First, we will explore the area of decentralized, autonomous systems and new challenges and techniques in this area. We will use bitcoin/blockchain as a concrete example of a fast-rising decentralized, autonomous system. We will explore the opportunities this new model of computing brings us, including smart contracts, decentralized applications, etc. We will also explore various challenges and state-of-the-art solutions in this area, including how to design and build secure decentralized systems, and how to design new programming abstractions to make it easier to build such secure, decentralized systems.

Second, we will explore how to design and leverage program language abstractions and mechanisms to enable the approach of secure by construction for building secure systems. The approach of secure by construction guarantees that applications satisfy certain security properties simply by the way they have been built, leveraging various programming language abstractions and support. We will explore a number of state-of-the-art examples in this area, including enforcing information flow properties, and secure and privacy-preserving computation.

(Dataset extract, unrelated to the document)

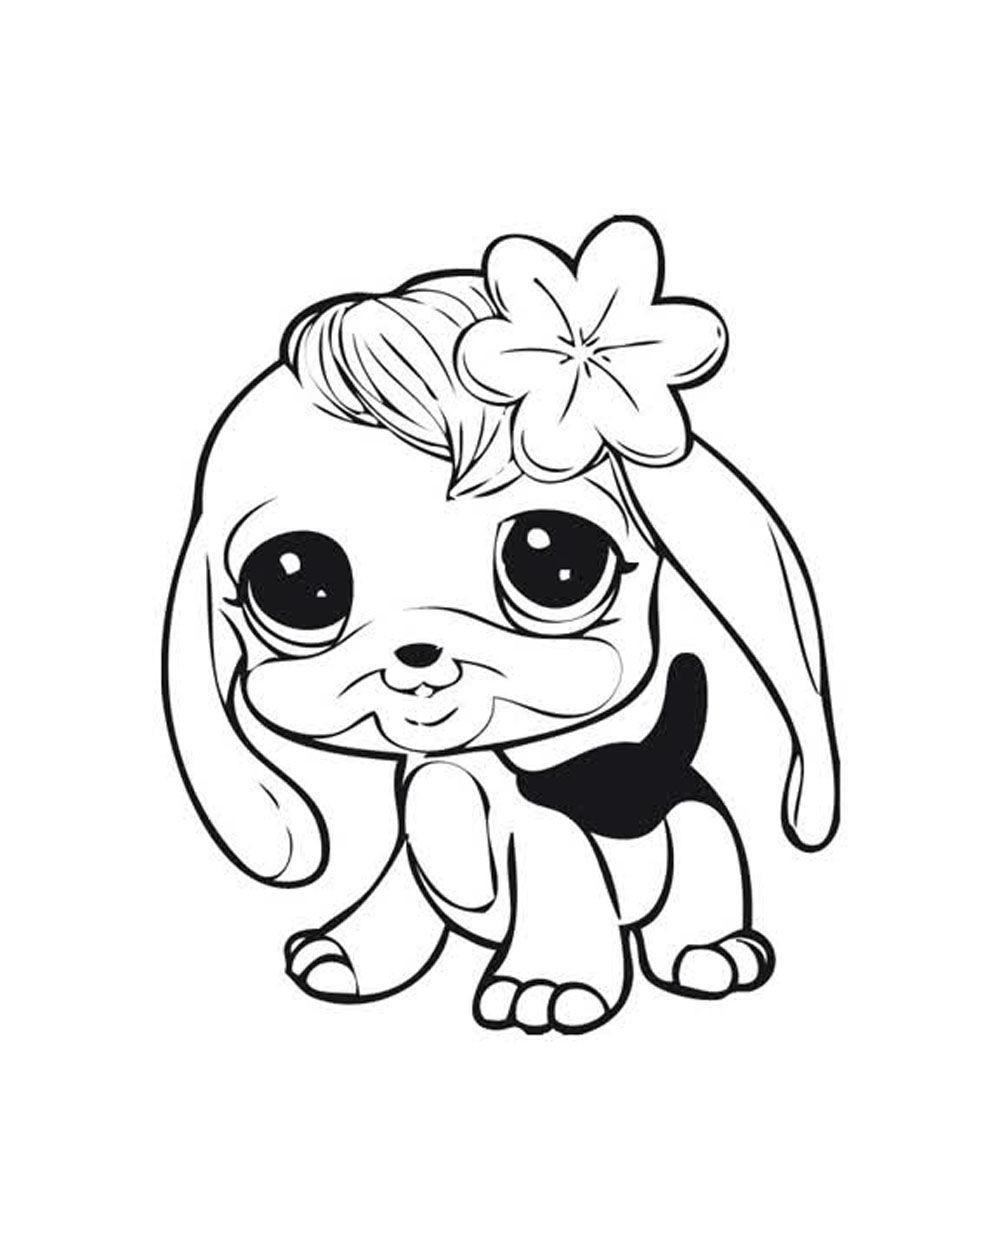 Littlest Pet Shop Coloring Pages  Littlest Pet Shops Coloring Page for My Kids
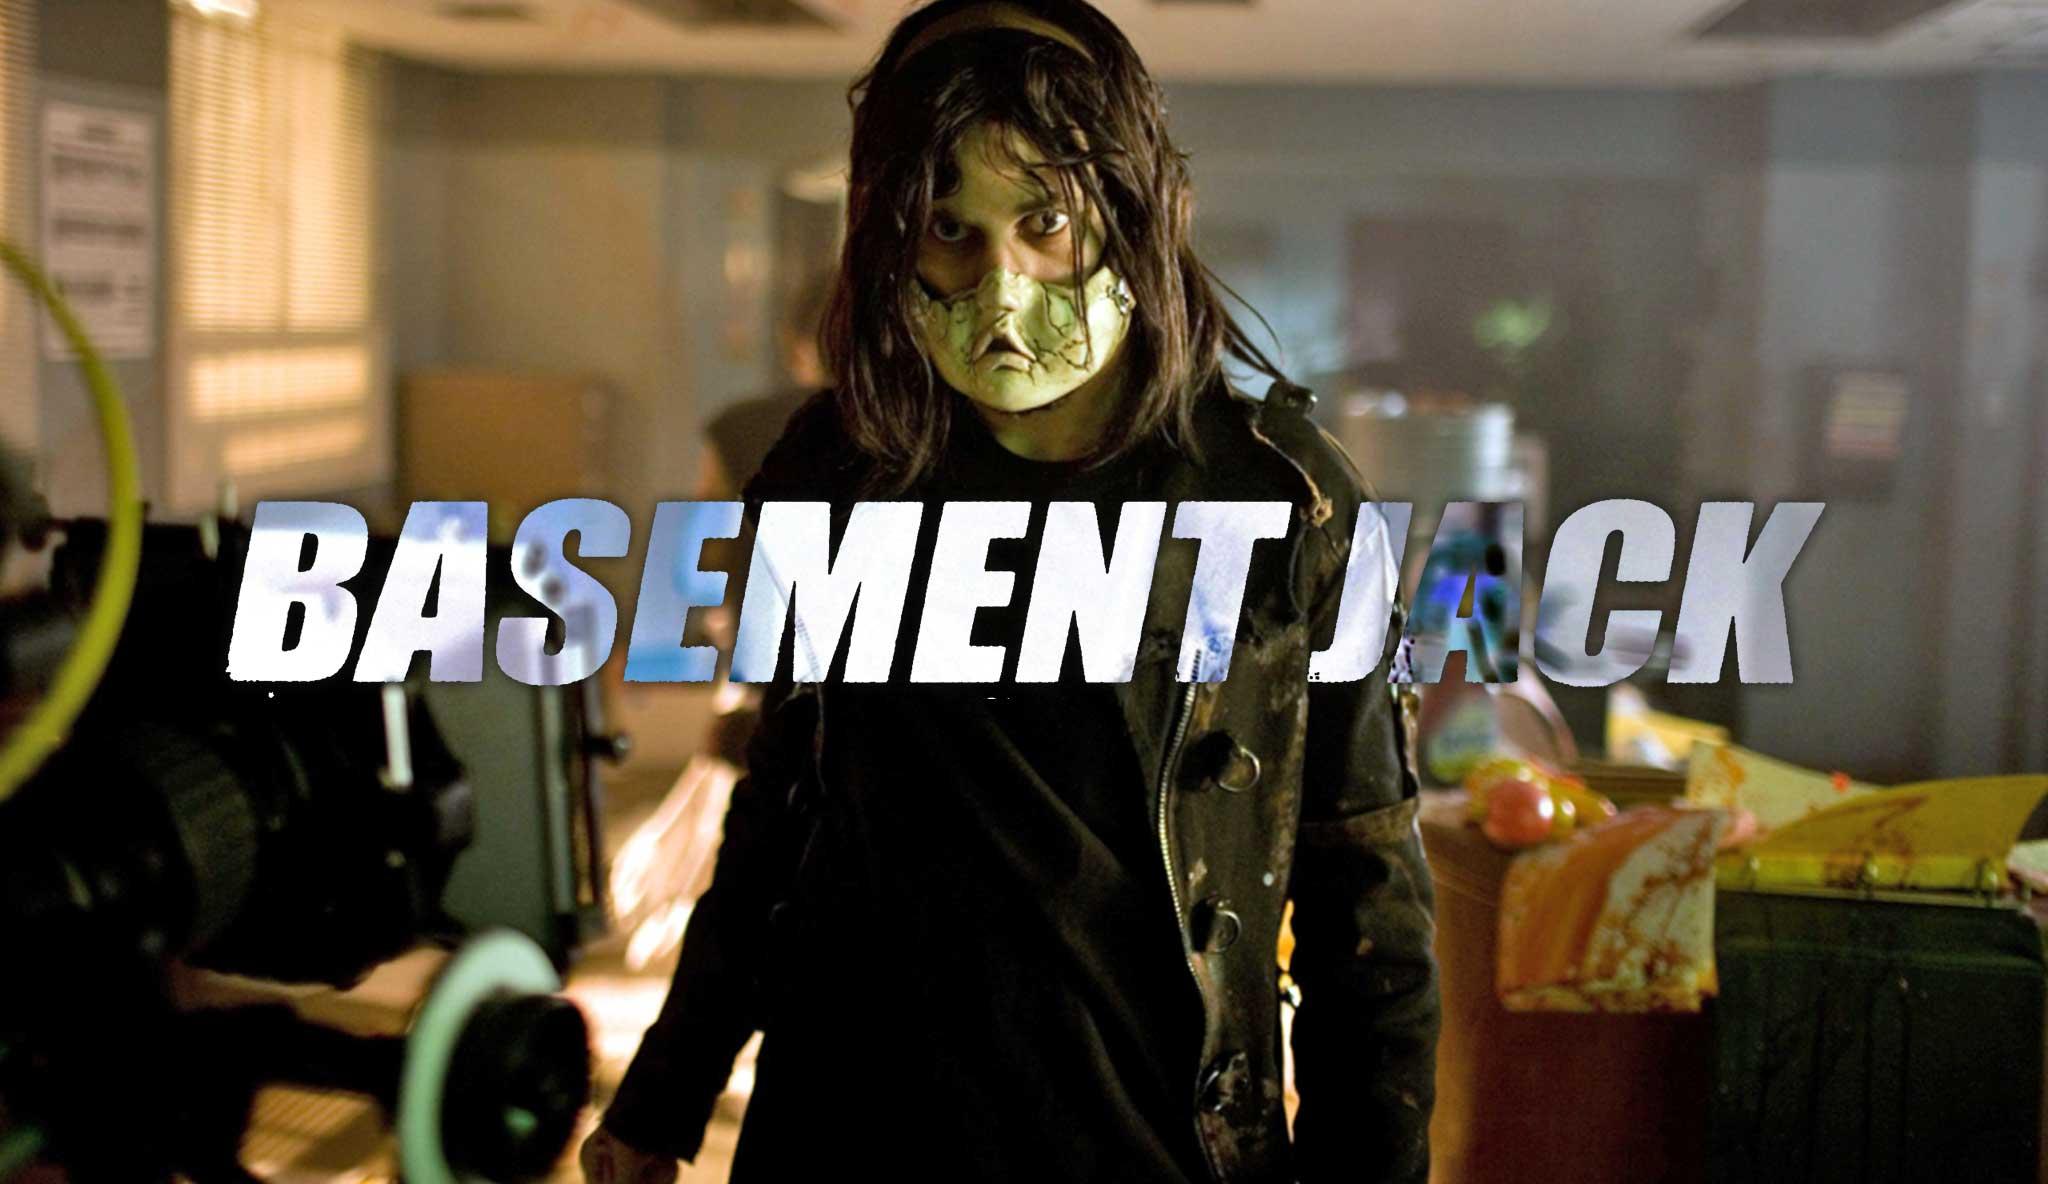 basement-jack\header.jpg

Third, we will explore how to utilize machine learning techniques to enable a secure by learning approach for building secure systems. In particular, we explore techniques and new directions at the intersection of machine learning and programming languages to enable automatic approaches for each step of the secure by learning pipeline, including program synthesis for feature extraction and transformation, automated feature engineering and model building, and online learning with noisy and missing data.

CCN is 27522

Course mailing list: cs294-f15@googlegroups.com

Class Format and Project:

This is a lecture, discussion, and project oriented class. Each lecture will focus on one of the topics, including a survey of the state-of-the-art in the area and an in-depth discussion of the topic. Each week, students are expected to complete reading assignments before class and participate actively in class discussion.

Deadlines:
Questions submission is due by Sunday on 7pm
Voting on the submitted questions is due by Monday midnight

Students will also form project groups and complete a research-quality class project. Groups will consist of one to three students.

Grading:

  • 20% class participation
  • 35% weekly reading assignment
  • 45% project

All information is tentative and subject to change.